--- STORED DATA Enclosed Below ---

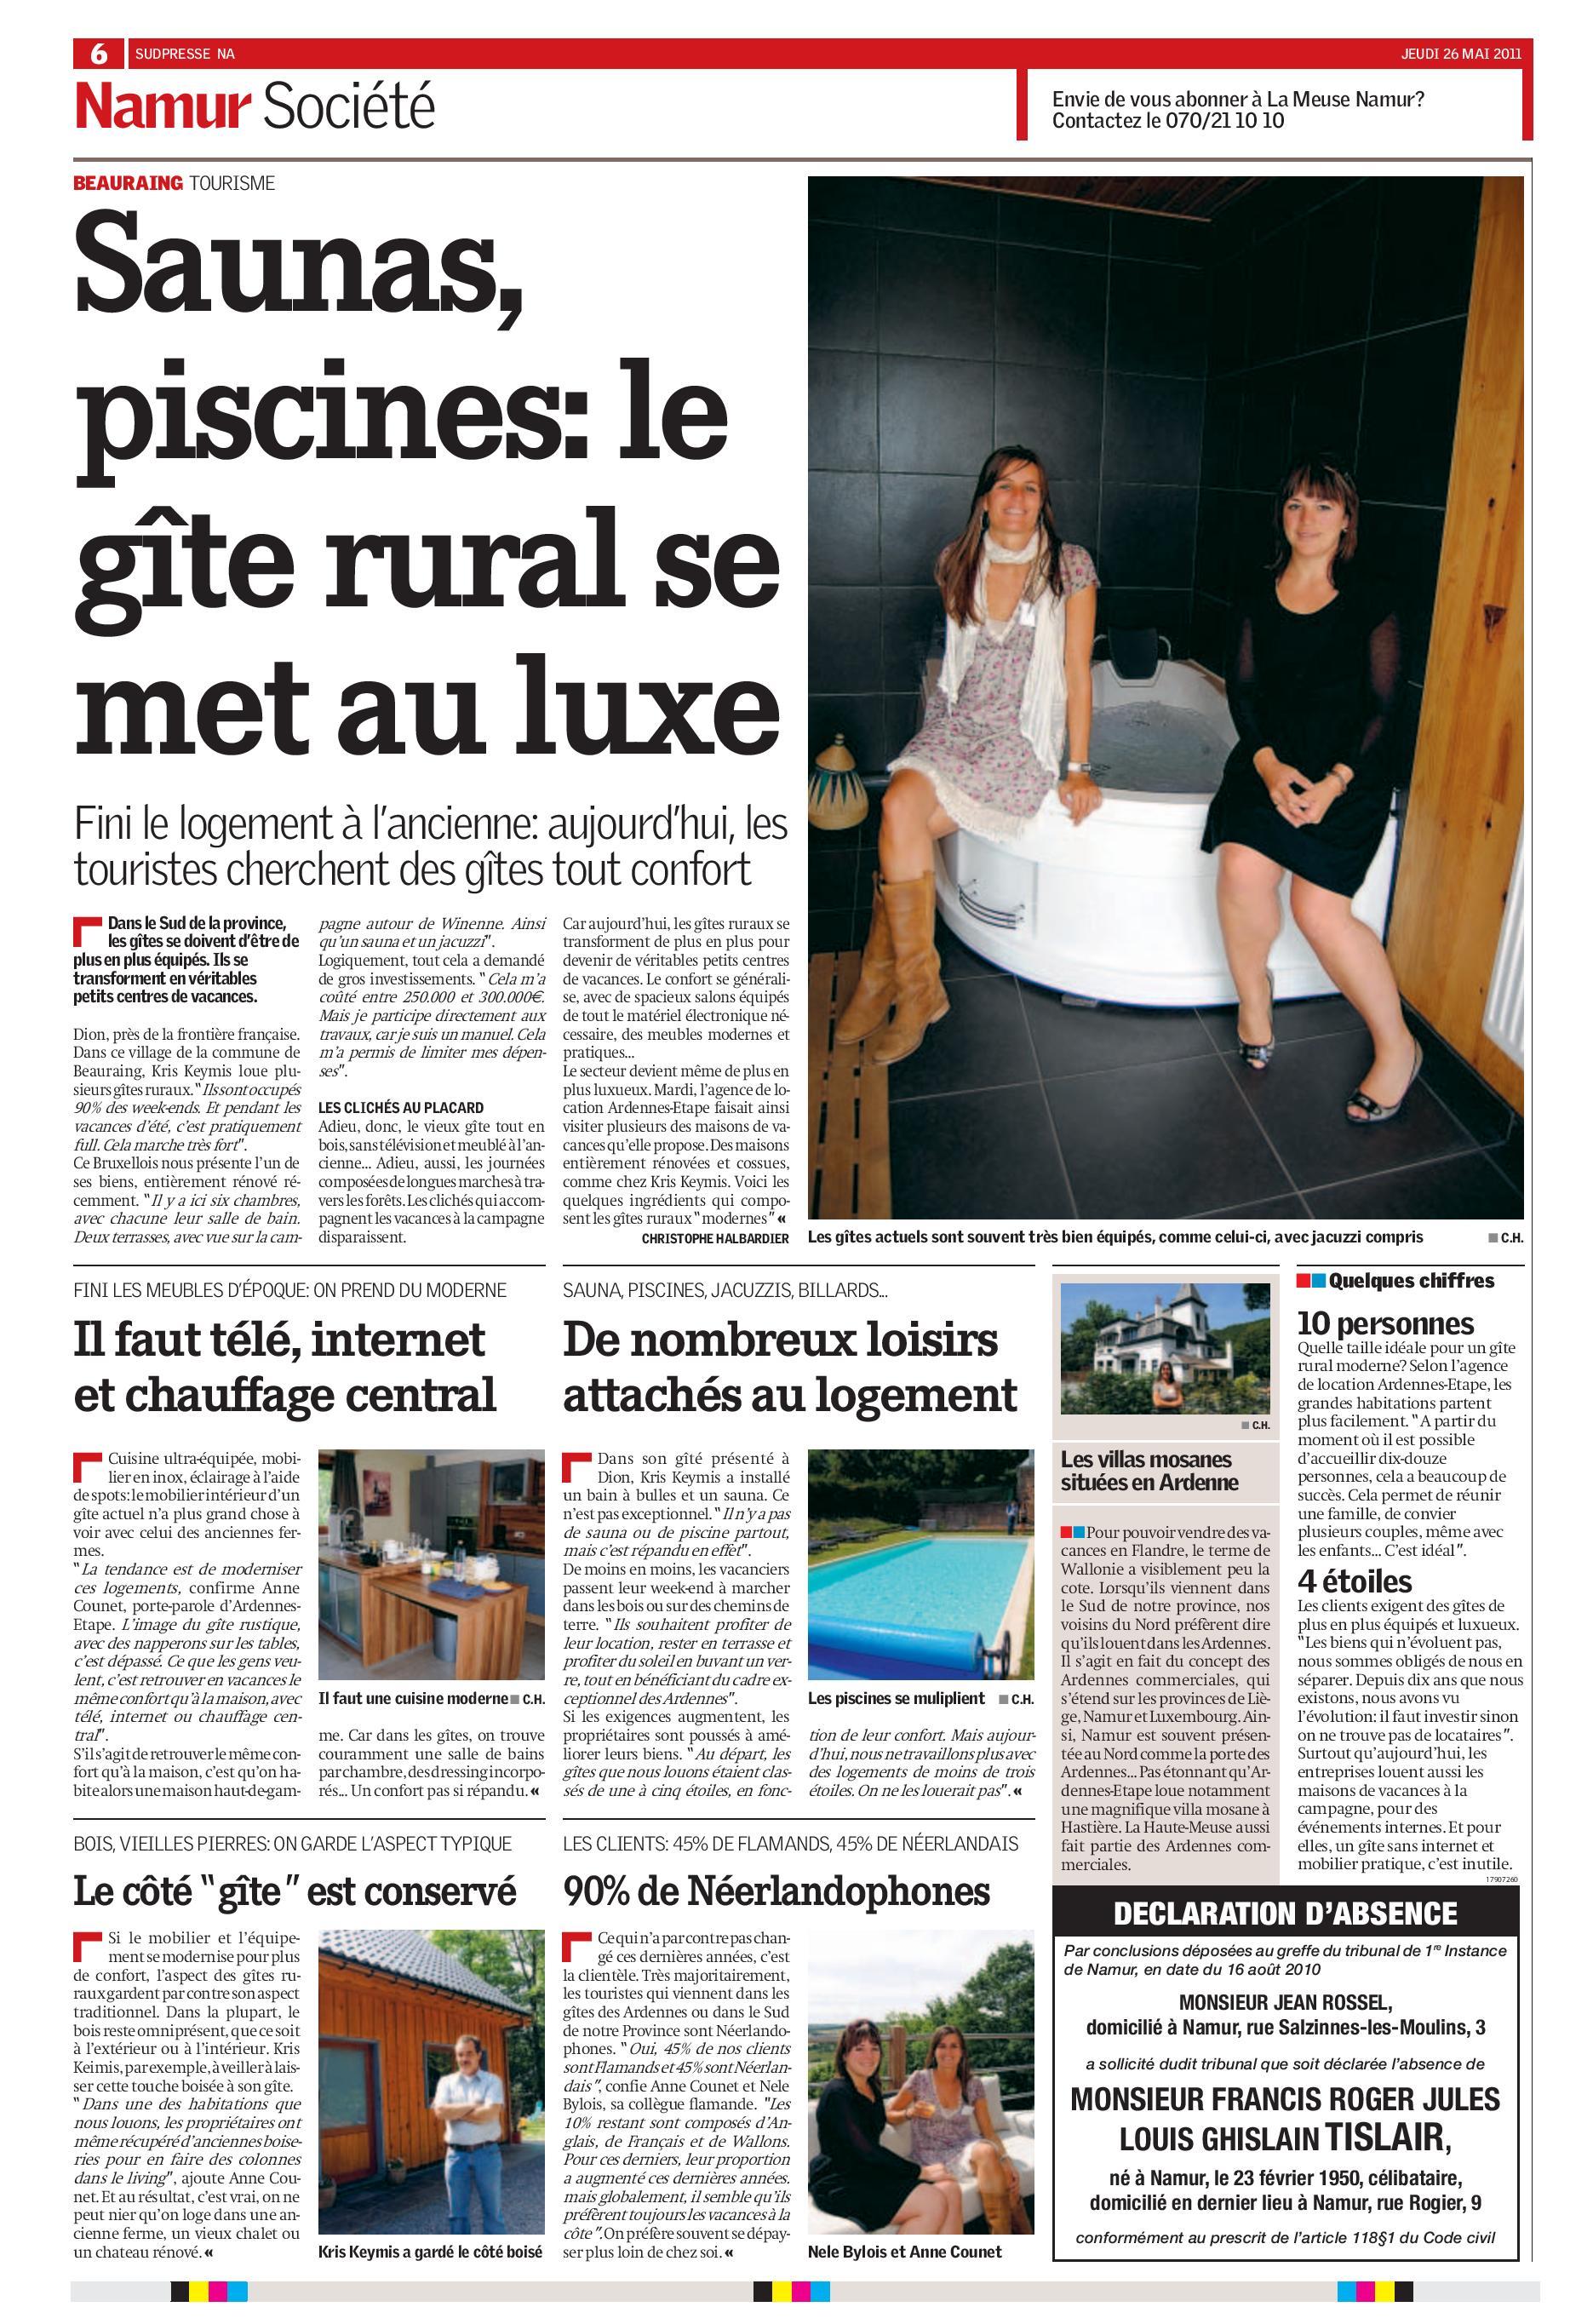 Saunas, piscines: le gîte rural se met au luxe
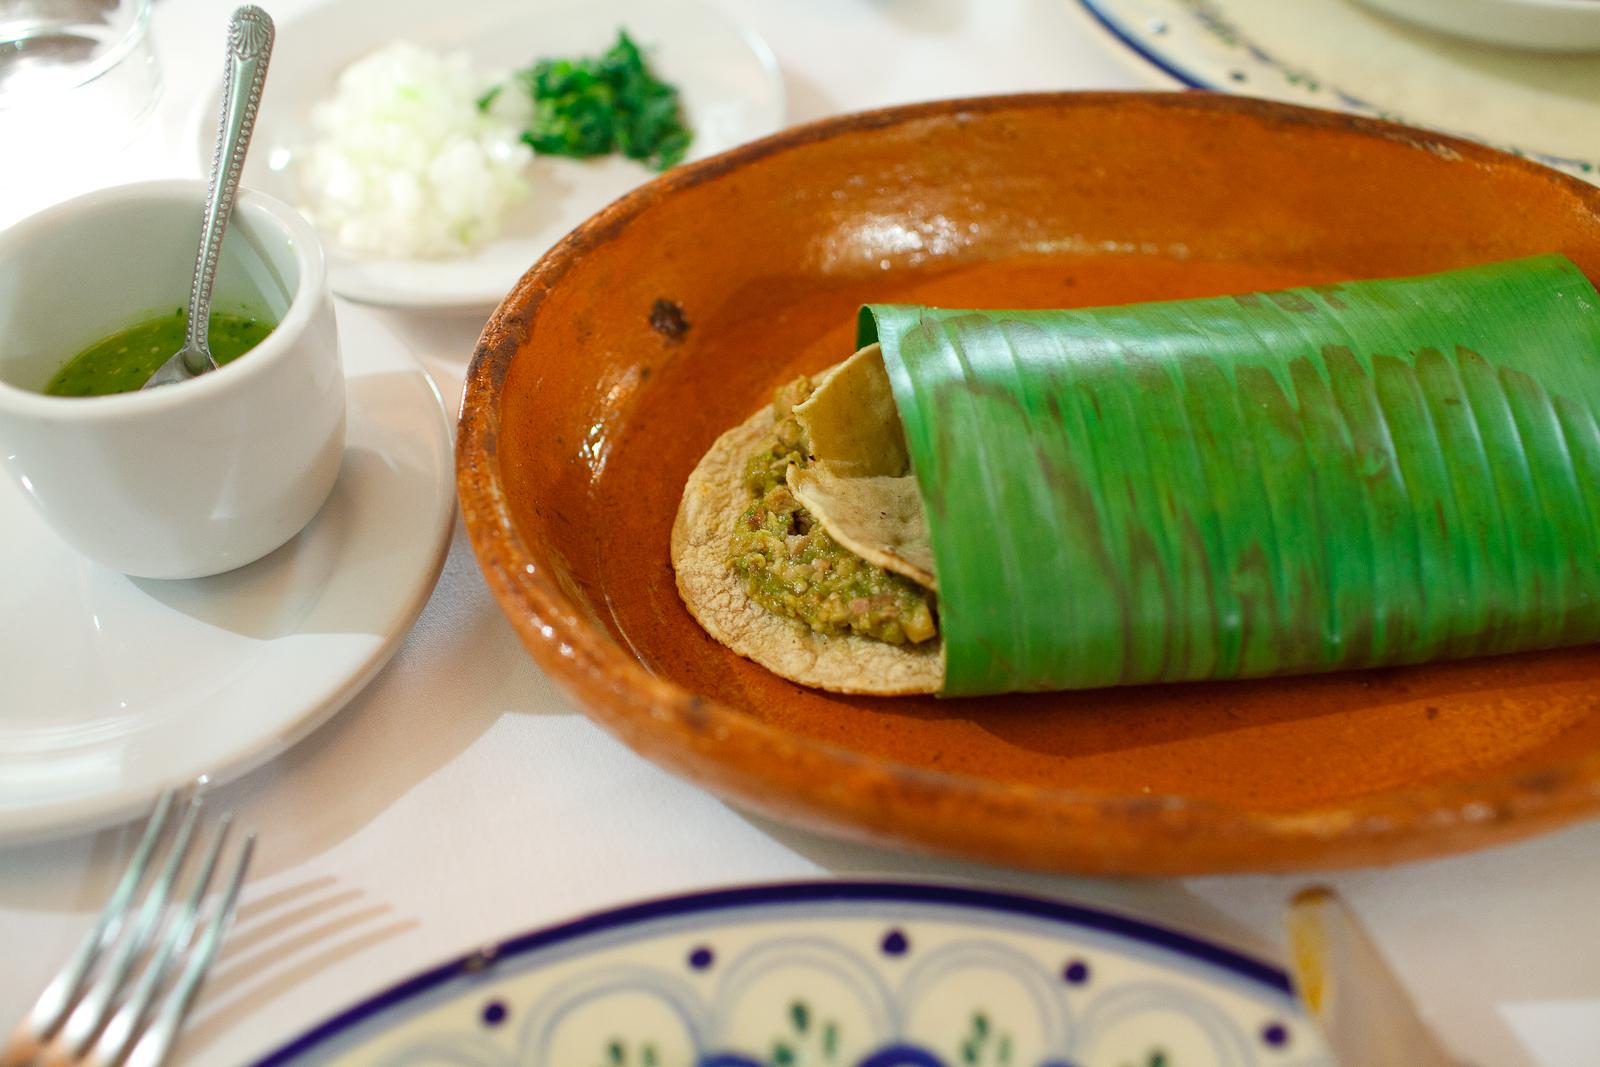 Tacos de chicharrón prensado en salsa verde con calabacitas y tortillas hechas a mano (Pressed pork skin tacos, green salsa, squash, and hand-made tortillas) ($95 MXP).jpg
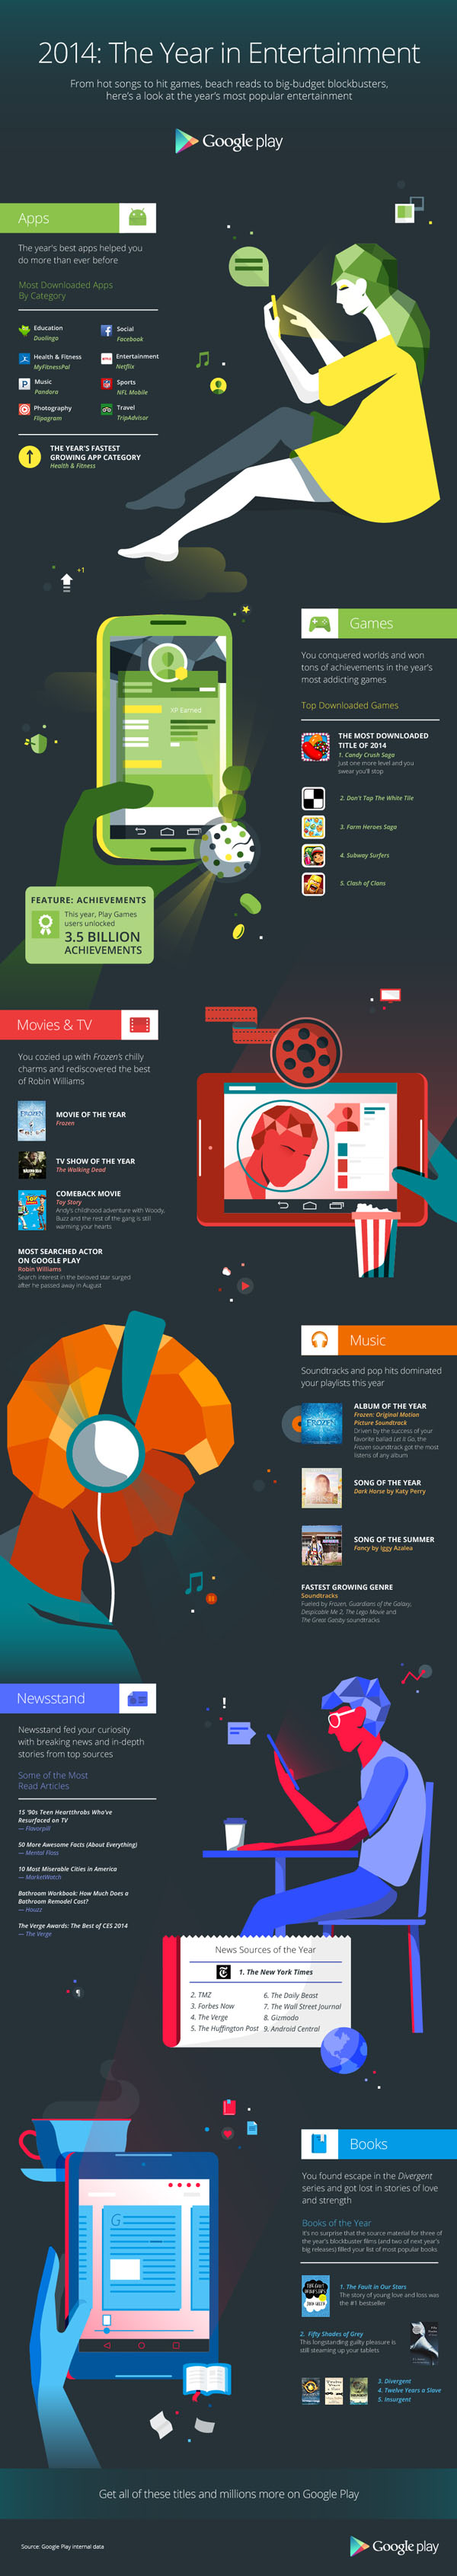 GooglePlay_EOY-infographic_v7
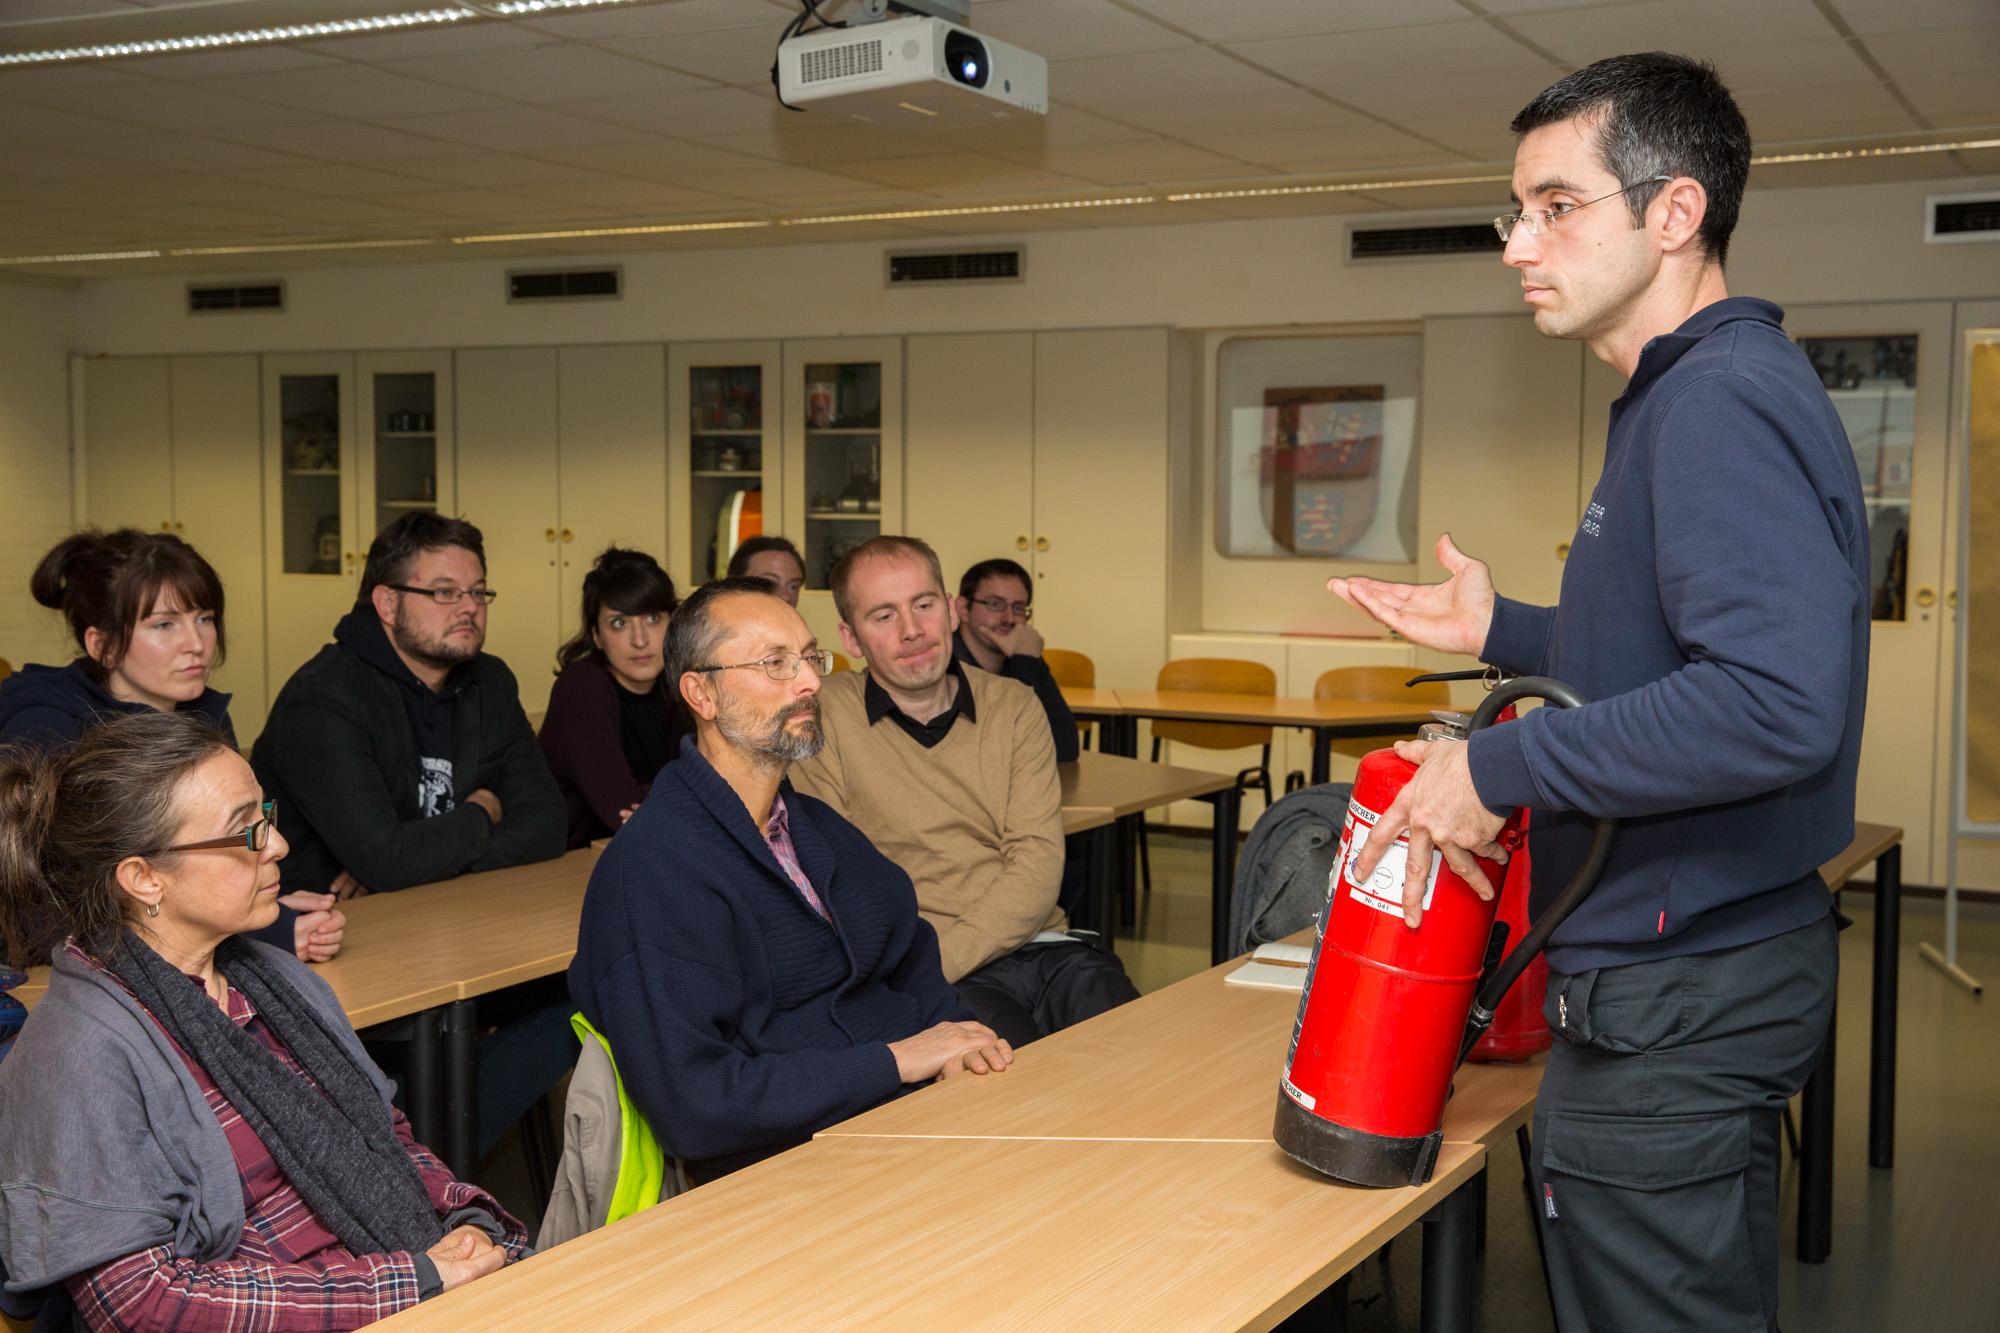 Oberbrandmeister Schmidt erklärt die Benutzung von Feuerlöschern

--- End of Enclosed STORED DATA ---

THE PROBLEM: Without changing a word, retype the data above and omit its pictures.

RESPONSE FOR THIS EXERCISE:
 Saunas, piscines: le gîte rural se met au luxe
 Tacos de chicharrón prensado en salsa verde con calabacitas y tortillas hechas a mano (Pressed pork skin tacos, green salsa, squash, and hand-made tortillas) ($95 MXP).jpg
 GooglePlay_EOY-infographic_v7
 Oberbrandmeister Schmidt erklärt die Benutzung von Feuerlöschern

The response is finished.